Uncategorized

Day Trading Strategies for Beginners

GOBankingRates’ editorial team is committed to bringing you unbiased reviews and information. We use data-driven methodologies to evaluate financial products and services – our reviews and ratings are not influenced by advertisers. You can read more about our editorial guidelines and our products and services review methodology.

Day Trading Strategies

Here are some tips for anyone buguru interested in trying their hand at the high-risk, high-stakes world of day trading. You’ll learn about seven day trading strategies that could work with a whole lot of work and a little bit of luck. You’ll also learn seven important risk management strategies to help keep you in the game.

You can try them all out if you’re looking to make cash buying and selling stocks within one day — but don’t expect to succeed right away. And always remember that if you’re a day trader, you’ve got to have the risk tolerance to lose all that you trade.

1. Momentum Trading

With a momentum strategy, an investor jumps on a stock whose price is moving up or down. The idea is to get in and out before the stock price hits the top or bottom. Momentum stocks are rare and hard to find.

2. Scalping Strategy

The philosophy behind a scalping strategy is that small wins can add up to a lot of money at the end of the day. The scalper sets buy and sell targets and sticks to these predetermined levels. The scalping strategy is fast. It’s not uncommon for several trades to be made within a few seconds, or for the trader to buy and sell the same stock many times over the course of a day.

3. Pullback Trading Strategy

The first step in the pullback strategy is to look for a stock or ETF with an established trend. Next, monitor the trend until there’s a price decline from the trend. If the established trend is upward, then the downward price movement — or pullback — is an entry point for the day trader to buy.

Fidelity recommends looking for an uptrend with at least two successive high price movements before the pullback or price decline. Or, if shorting the stock, you’d look for two decreasing prices in a row. The idea is that the longer the trend, the more likely it is to continue.

4. Breakout Trading

A breakout trade takes place when the stock price rises above the former top resistance price. Breakout trades on high volume are more likely to be sustainable at the new higher price than those breakouts with less volume, according to Fidelity.
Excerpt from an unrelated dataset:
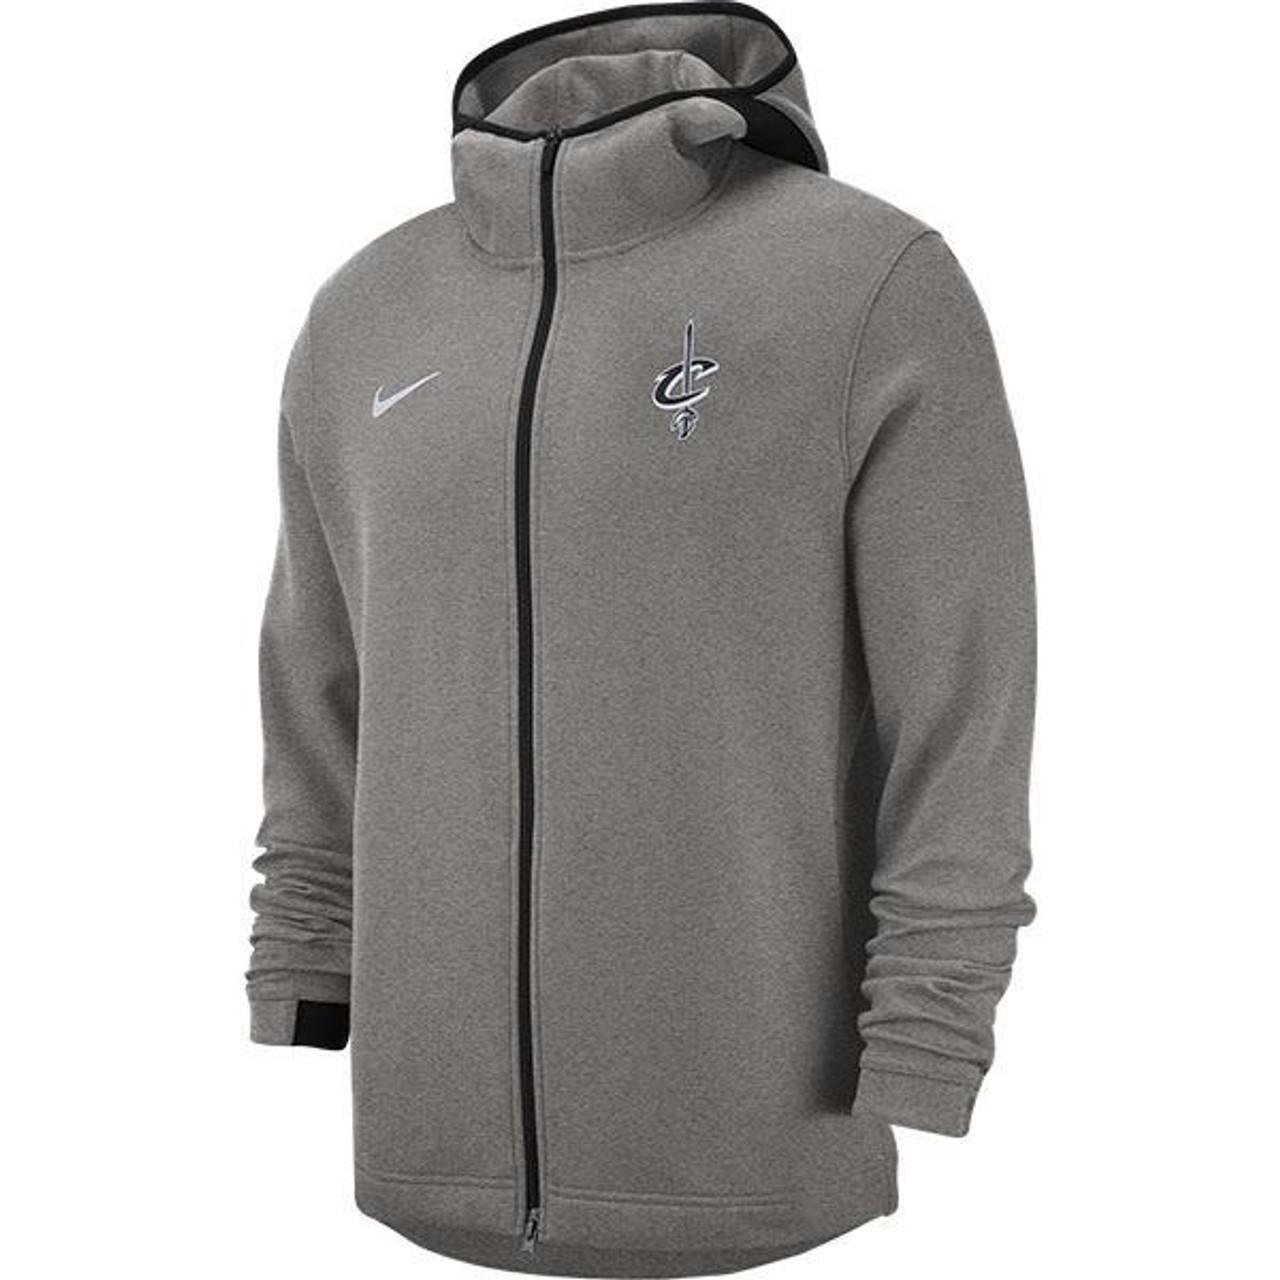 9ffd8af9e911 Nike Gray Showtime Full Zip Hoodie
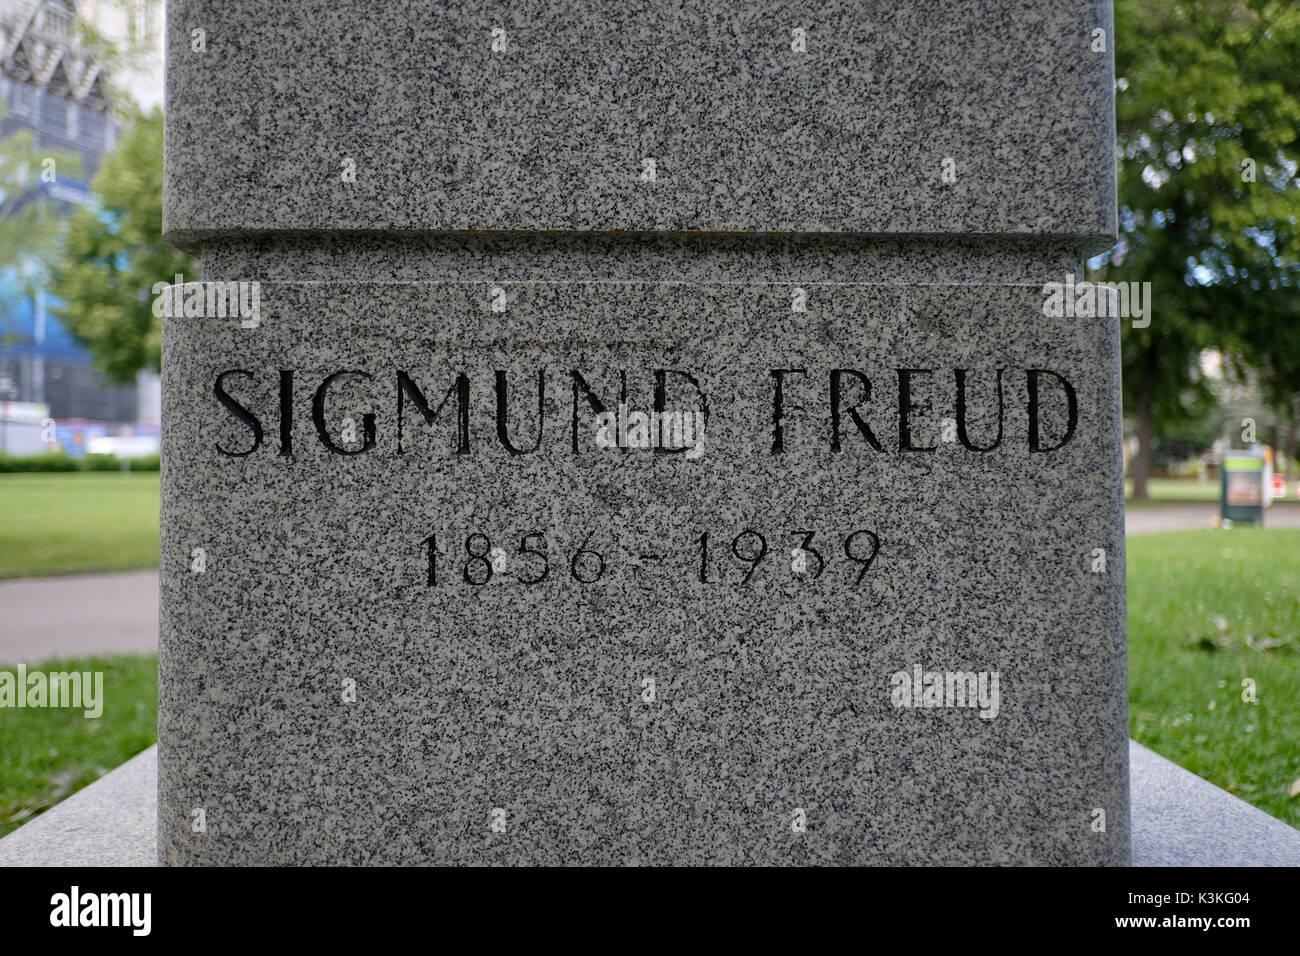 Europe, Austria, Vienna, capital, Sigmund Freud menproal, detail - Stock Image

Lower-volume breakouts are more likely to decline below former resistance levels, making it more difficult to profit.

In most cases, the stock will retreat after hitting the resistance level until there’s a catalyst for a stronger price movement. Above this specific price, there are more sellers than buyers, preventing the price from rising further.

5. News Trading

You’ve probably noticed that stock prices are heavily influenced by sentiment, which is driven by news reports and current events. By keeping an eye on the business news, day traders can capitalize on popular daily stories.

If bad news is out, you might short a stock during the day by “borrowing” shares of the stock from the investment firm and then selling those borrowed shares. If the stock price declines as expected, then you buy the shares back at the lower price and profit from the difference less a commission payment. If the news is good, you could “go long,” or buy the stock outright, and sell the shares after the price rises.